Photographs By Greg Day

March 1, 2019 – May 17, 2019

 

Evocative, Elegant and Edgy, Greg Day’s photographs of guerilla performance artist Steven Varble, transports viewers back to the sizzling, streets of Manhattan in the 1970s. Masterfully curated for the One Archives by David J. Getsy, and supported by the City of West Hollywood, the exhibition has an amazing array of Day’s photographic portraits. A most phenomenal video, replete with a phantasmagorical soundtrack, shows Varble deep in character as a perverted Greta Garbo, as a demented wood nymph, or assuming a host of other bizarre and sometimes impishly splenetic personalities.


In costumes made from trash, food waste, and stolen objects, Stephen Varble (1946–1984) took to the streets of 1970s New York City to perform his “Gutter Art.” With disruption as his aim, he led uninvited fancy dress tours through the galleries of SoHo, occupied Fifth Avenue gutters, and burst into banks and boutiques in his gender-confounding ensembles. Varble made the recombination of signs for his sexuality a central theme in his increasingly outrageous outfits and performances.  He enacted his dual sexuality as an open question in both his life and his work, sometimes identifying as a female persona, Marie Debris, and sometimes playing up his appearance as a gay man. Only later would the term “genderqueer” emerge to describe the kind of self-made, non-binary libidinous identity options that Varble adopted throughout his life and in his disruptions of the 1970’s art world.

At the pinnacle moment of the artist’s public performances, the photographer Greg Day (b. 1944) captured the inventiveness and energy of his splendiferously costumed confrontations. Trained as an artist and anthropologist and with a keen eye for documenting ephemeral culture as it flourished, Day took hundreds of photographs of Varble’s trash couture, and Varble’s appearance events in 1975 and 1976. This exhibition brings together a selection of Day’s photographs of the artist’s performances and also includes Day’s photographs of Varble’s friends and collaborators such as Peter Hujar, Jimmy DeSana, Shibata Atsuko, Agosto Machado, and Warhol stars Jackie Curtis, Taylor Mead, and Mario Montez.

 

Stephen Varble at the 12th Annual Avant-Garde Festival, 1975

Stephen Varble in the Suit of Armor, October 1975

Stephen Varble in the Elizabethan Farthingale, October 1975

 

Varble sought to make a place for himself outside of art’s institutions and mainstream cultures all the while critiquing them both. Day’s images are both about a synergistic artistic friendship and about the queer networks and communities that made such an anti-institutional practice imaginable. Together, Varble and Day worked to preserve the radical potential of Gutter Art for the future.

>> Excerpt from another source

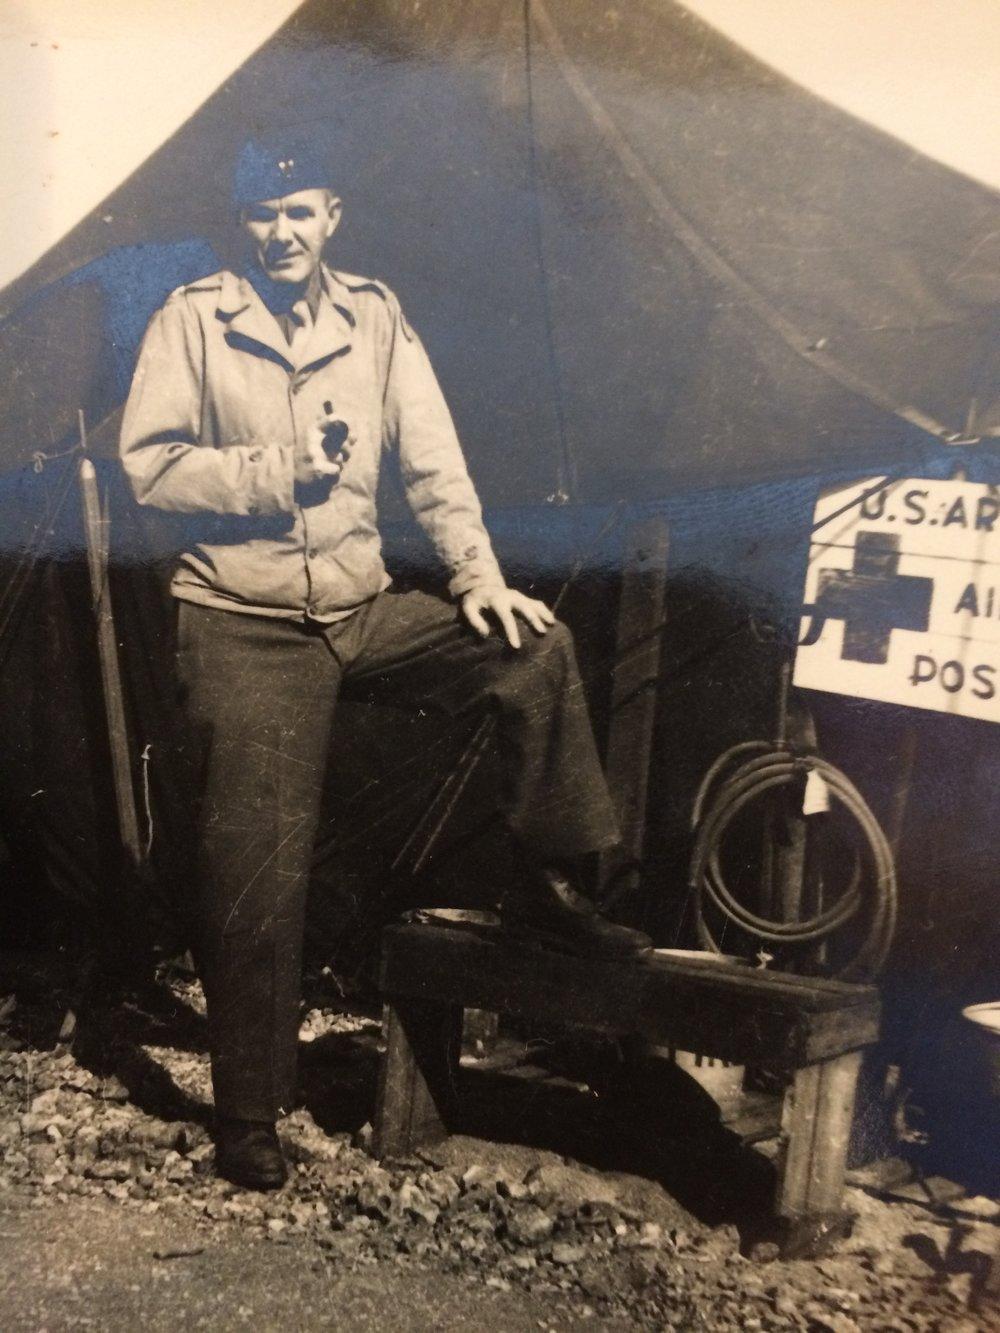 Bob's dad, Dr. Melvin Rackleff

The Gutter Art of Stephen Varble builds upon the 2018 retrospective exhibition of Varble’s work at the Leslie-Lohman Museum of Gay and Lesbian Art, New York, titled Rubbish and Dreams: The Genderqueer Performance Art of Stephen Varble, as featured in the New York Times on January 11, 2019.  The One Gallery exhibition with Day’s photographs of Varble explores the ways in which Varble’s disruptive performance art has lived on primarily through Day’s shots.  These portraits distill Varble’s inventive costumes, transformed trash, and public confrontations. The Critical Eye has seen both the New York and West Hollywood exhibitions. Both companion shows are branded by potent curation and by Day and Varble’s extreme creativity.

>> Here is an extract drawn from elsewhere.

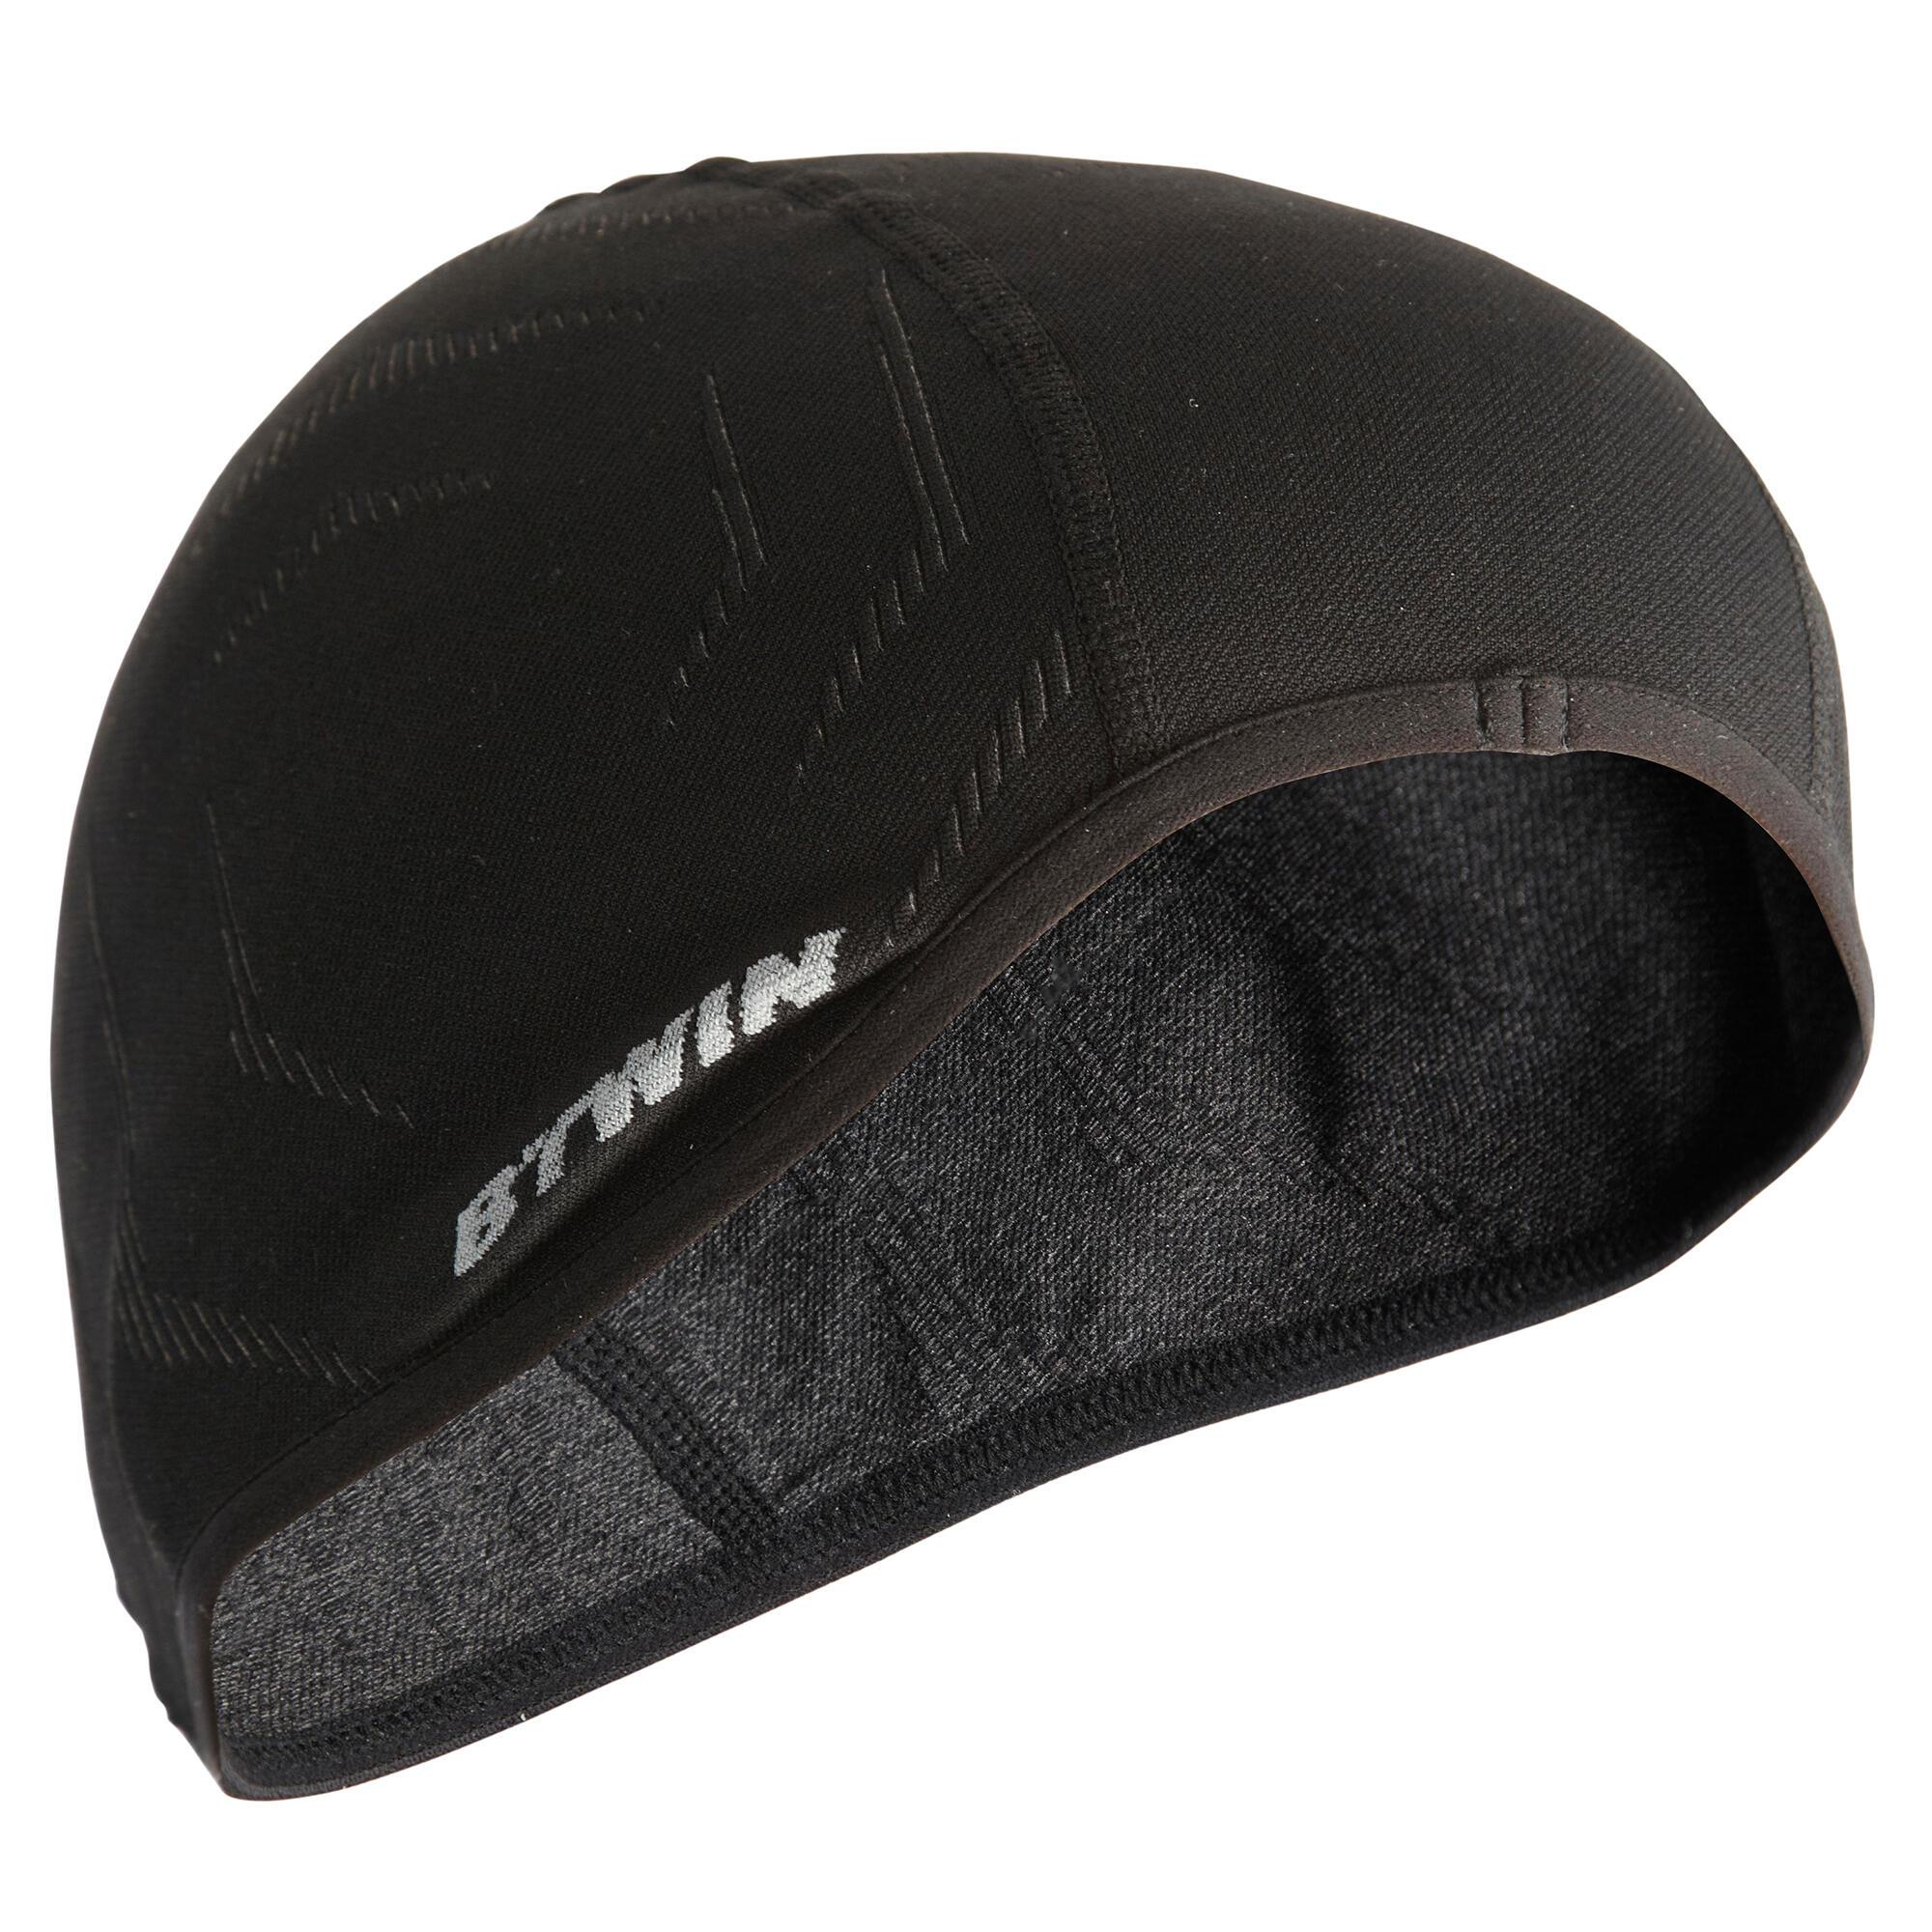 500 Seamless Cycling Helmet Liner - Black

David J. Getsy’s curation is wildly incisive and revelatory. He will conduct a lecture about the exhibition on Saturday, April 13th, from 2-3: 30 pm in the West Hollywood Library. Photographer Greg Day will conduct tours of the exhibition every Sunday in April from 12-2pm in The One Gallery at 626 N. Robertson Boulevard in West Hollywood. The gallery is open Tuesday through Sunday. This is one of the best shows produced by the One Archives and all involved should be saluted.